§ **WHAT YOU HAVE TO DO**
Keep to one stretch of the data below, the lines from the one with "(1931), originally published" up to and including the one with "tilted uterus diagram", and return that stretch exactly.

§ **DATA SHOWN**
_ _ _

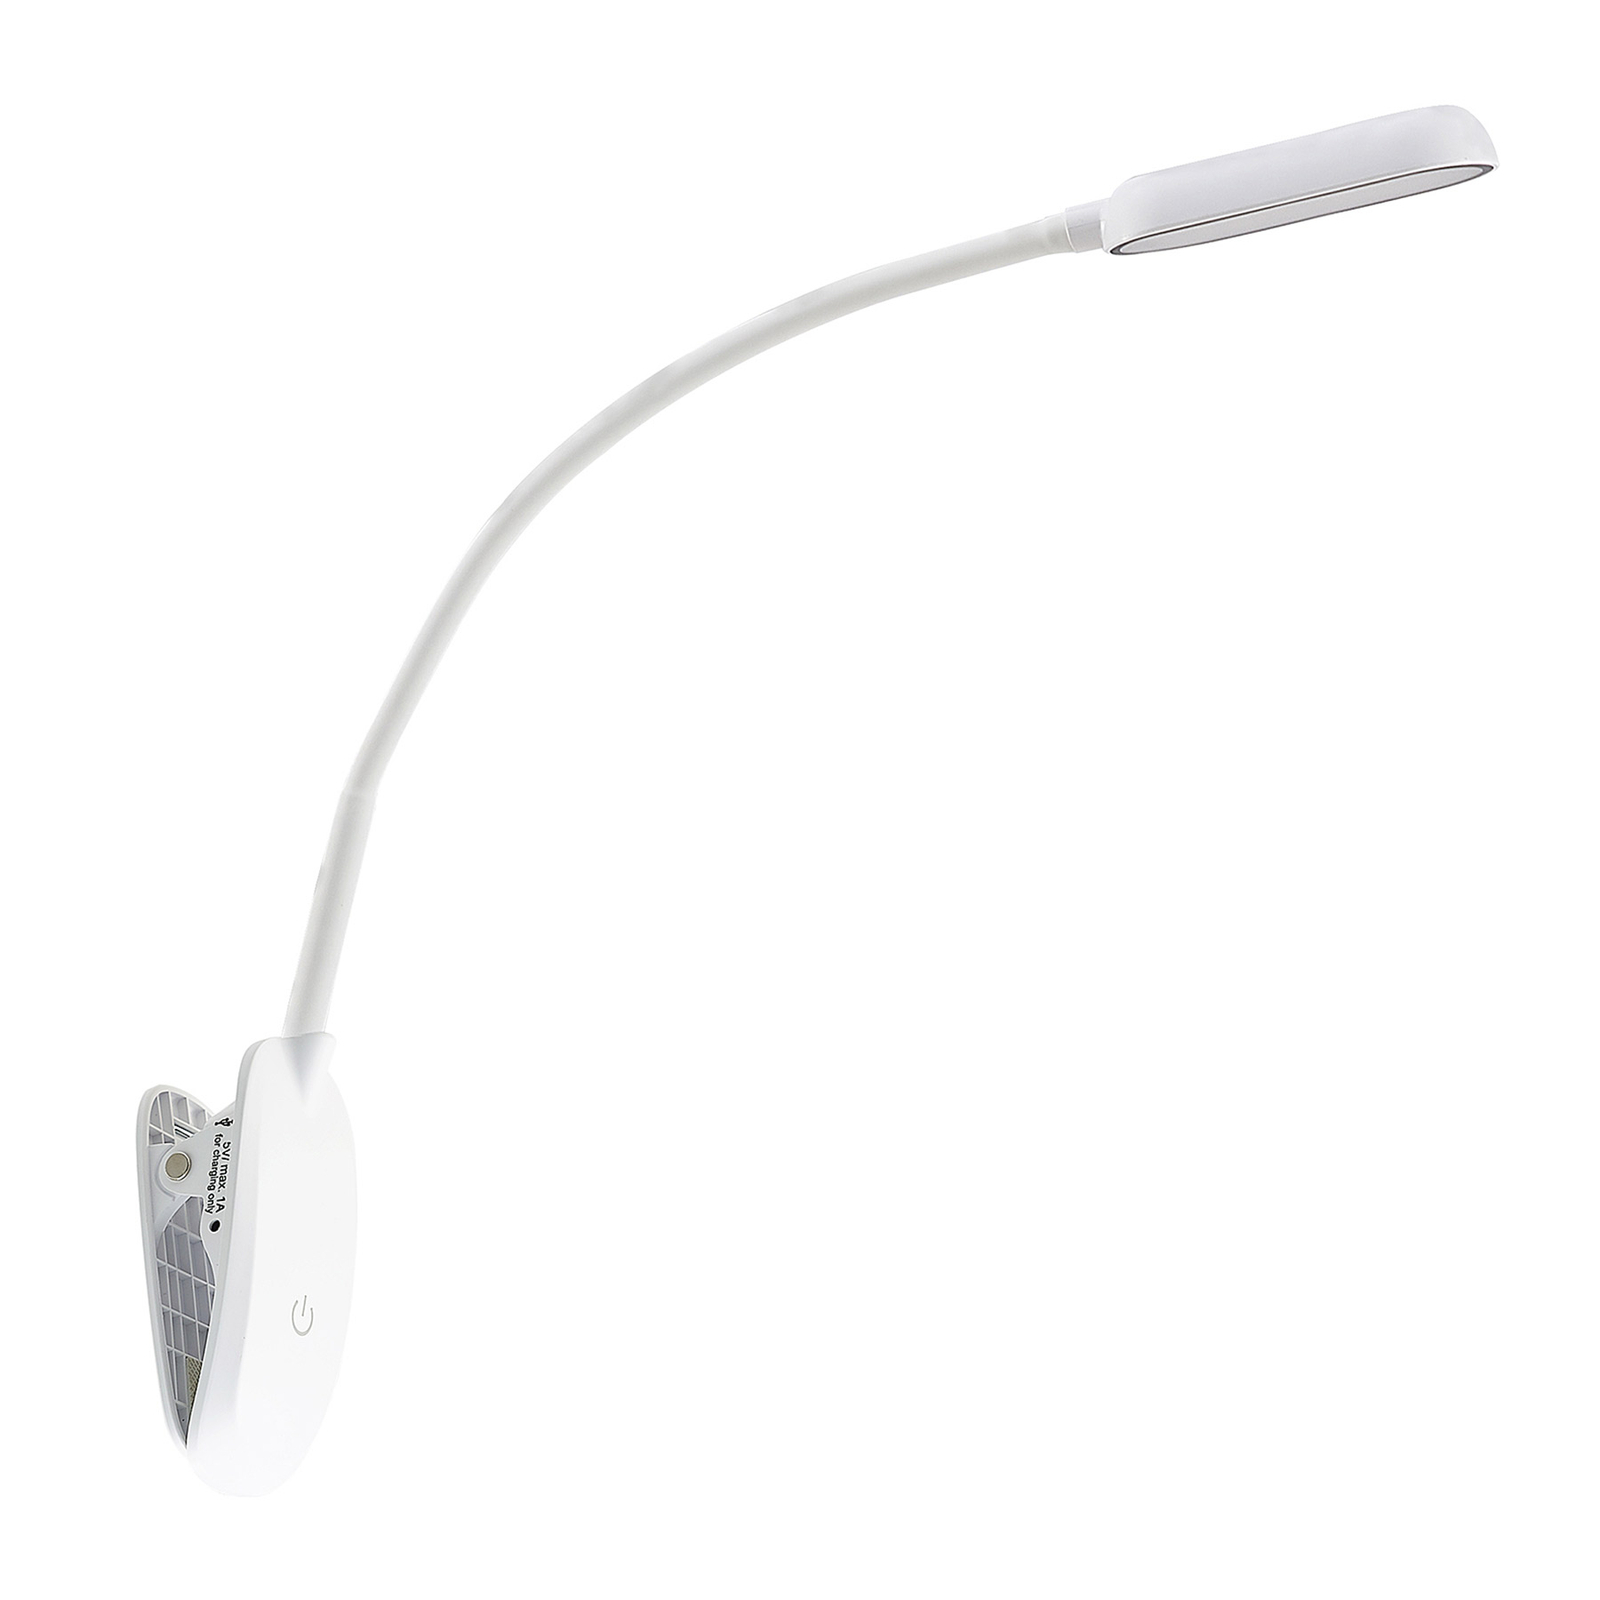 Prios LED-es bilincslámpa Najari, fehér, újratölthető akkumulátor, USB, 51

_ _ _

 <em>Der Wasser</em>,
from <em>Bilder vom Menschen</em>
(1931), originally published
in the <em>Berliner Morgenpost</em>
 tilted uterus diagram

_ _ _

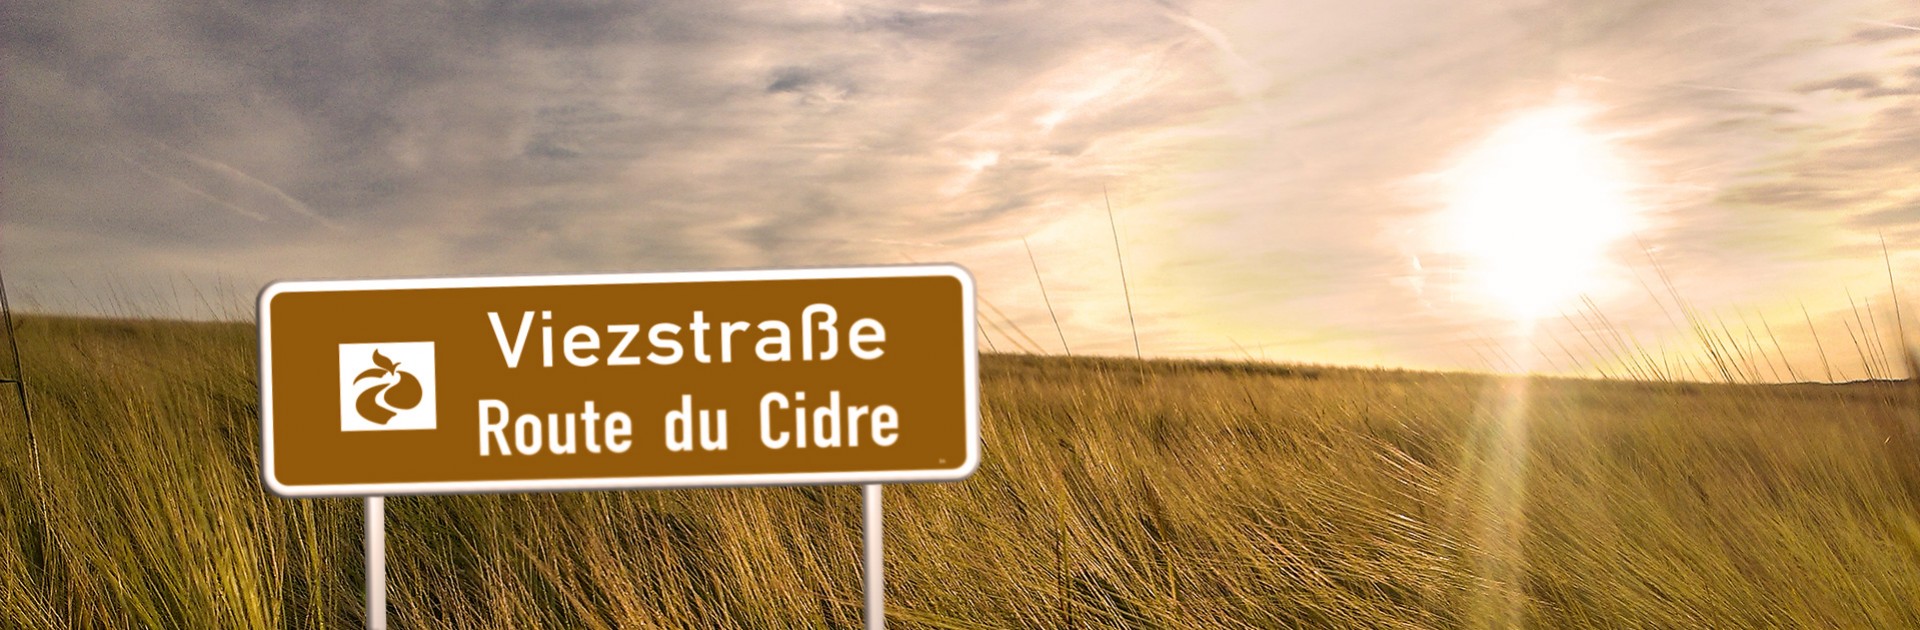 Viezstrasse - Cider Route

_ _ _

§ **REPLY**
(1931), originally published
in the <em>Berliner Morgenpost</em>
 tilted uterus diagram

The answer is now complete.